All Schools Won't See Full Capacity Return of Learners

All Schools Won't See Full Capacity Return of Learners

From today, primary schools all over the country will be welcoming all learners back full-time. This will however not be happening at every single school in South Africa and here's why.


2 August marks the first day we see primary school learners return to school at full capacity. However, this won't be the case for all schools in South Africa.

The Department of Basic Education Spokesperson, Elijah Mhlanga, has said that schools are however not forced to implement the full-time return:

We are implementing what we call the risk adjusted differentiated strategy which means that each school, each province, each district, will make an assessment of whether they can allow all the learners to return or not.

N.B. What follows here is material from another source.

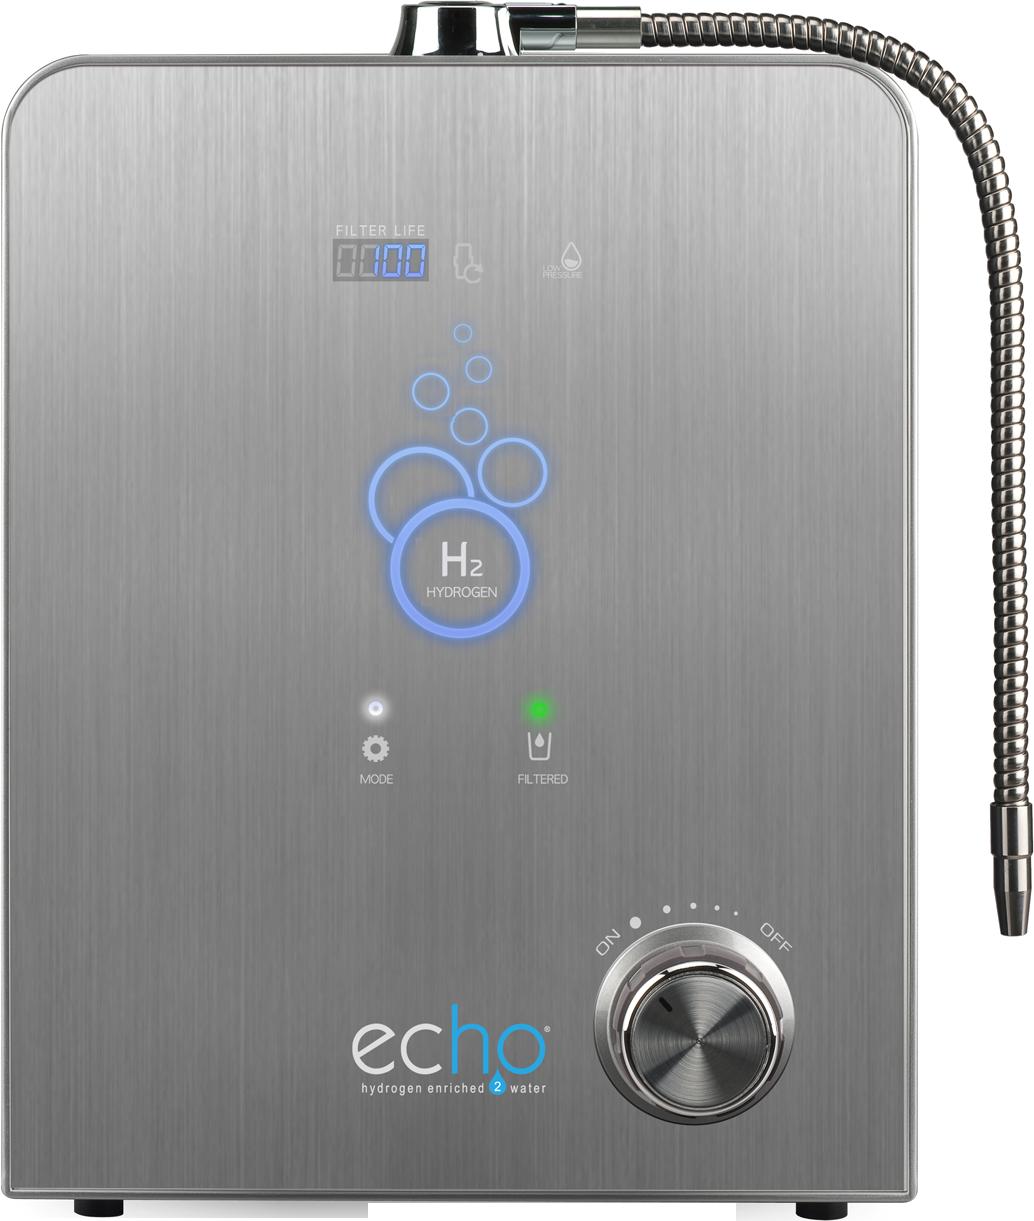 Echo H2 Machine - Hydrogen Water
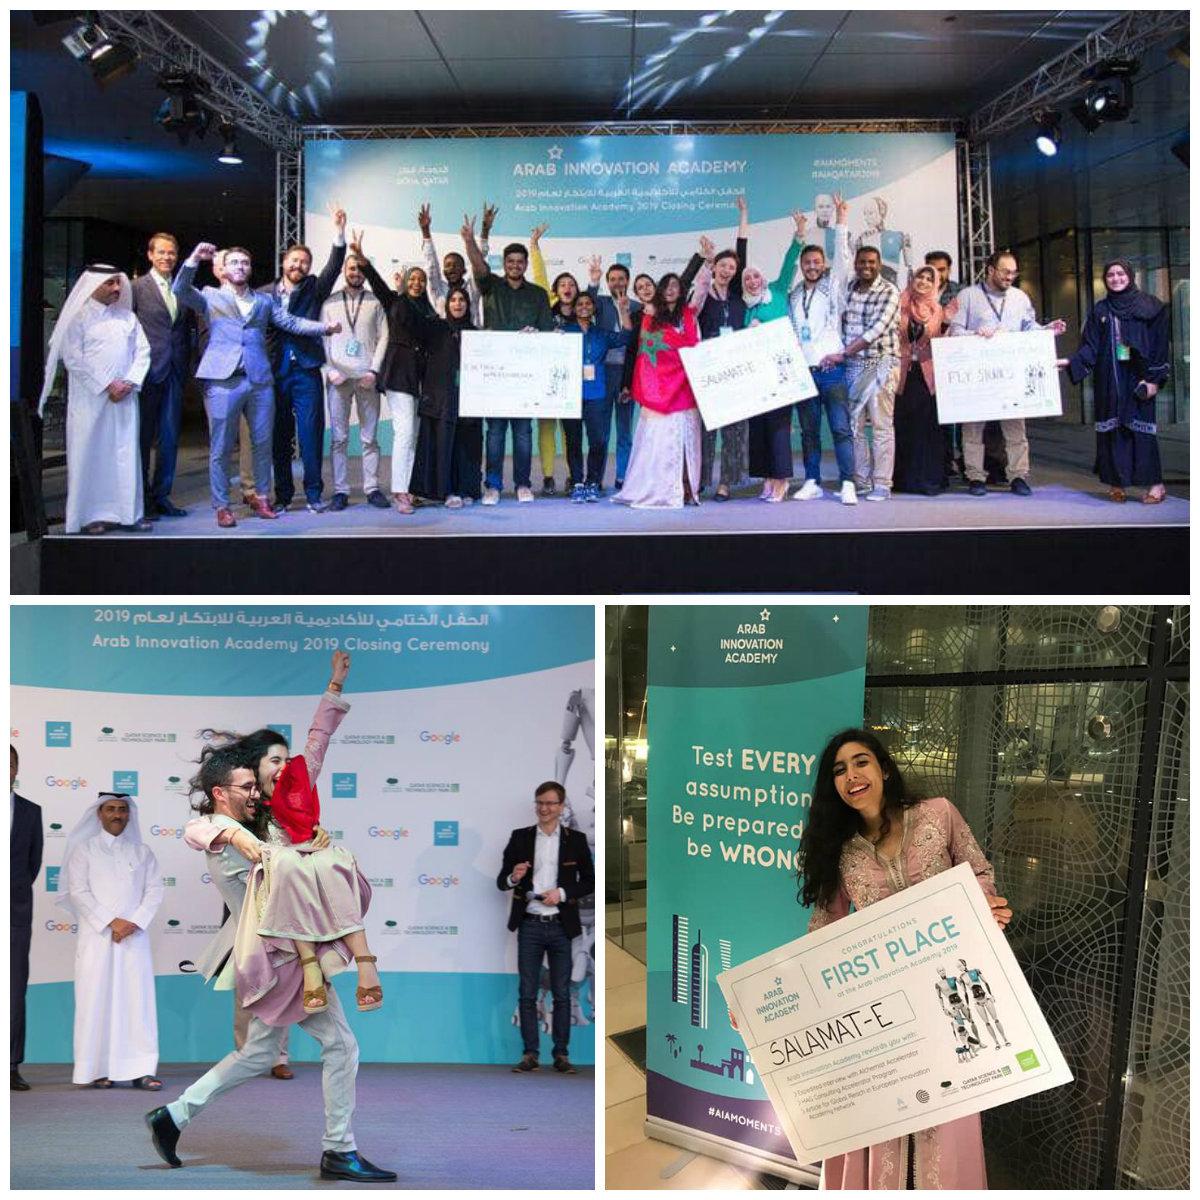 Qui est Chaimae El Mahdaoui, l'étudiante marocaine primée à Doha par l'Arab Innovation

If schools are not able to do this and don't have the resources need to, they can continue using the rotational timetable. They should only return at full capacity if it is safe to do so and all safety protocols are in place.

There is a shortage of classrooms seen across the country and with social distancing needing to be followed, all schools won't have the necessary space to fulfill this for classrooms with over 30 learners.

"With the risk adjusted differentiated strategy, we are saying where it is possible do it, where it is not possible, don't do it," explained Mhlanga.

Don't do something that won't be taking into account the safety of learners. We need to make sure that we do the right thing.

This does however call into question the difference in progress which will be seen in school that can and those who can return to the traditional timetable. The department is not clear when it comes to plans on this with Mhlanga saying, "it's a difficult situation, it's a difficult balancing act that we need to try to achieve".

The department is now monitoring how this return is going and see if schools were able to sort out any challenges they have.

This change to a full-time timetable came about due to the losses incurred from the pandemic and how devastating this has been for schools. Dropout rates have worsened, school nutrition programmes have seen bumps and learners are behind when it comes to where they should be academically.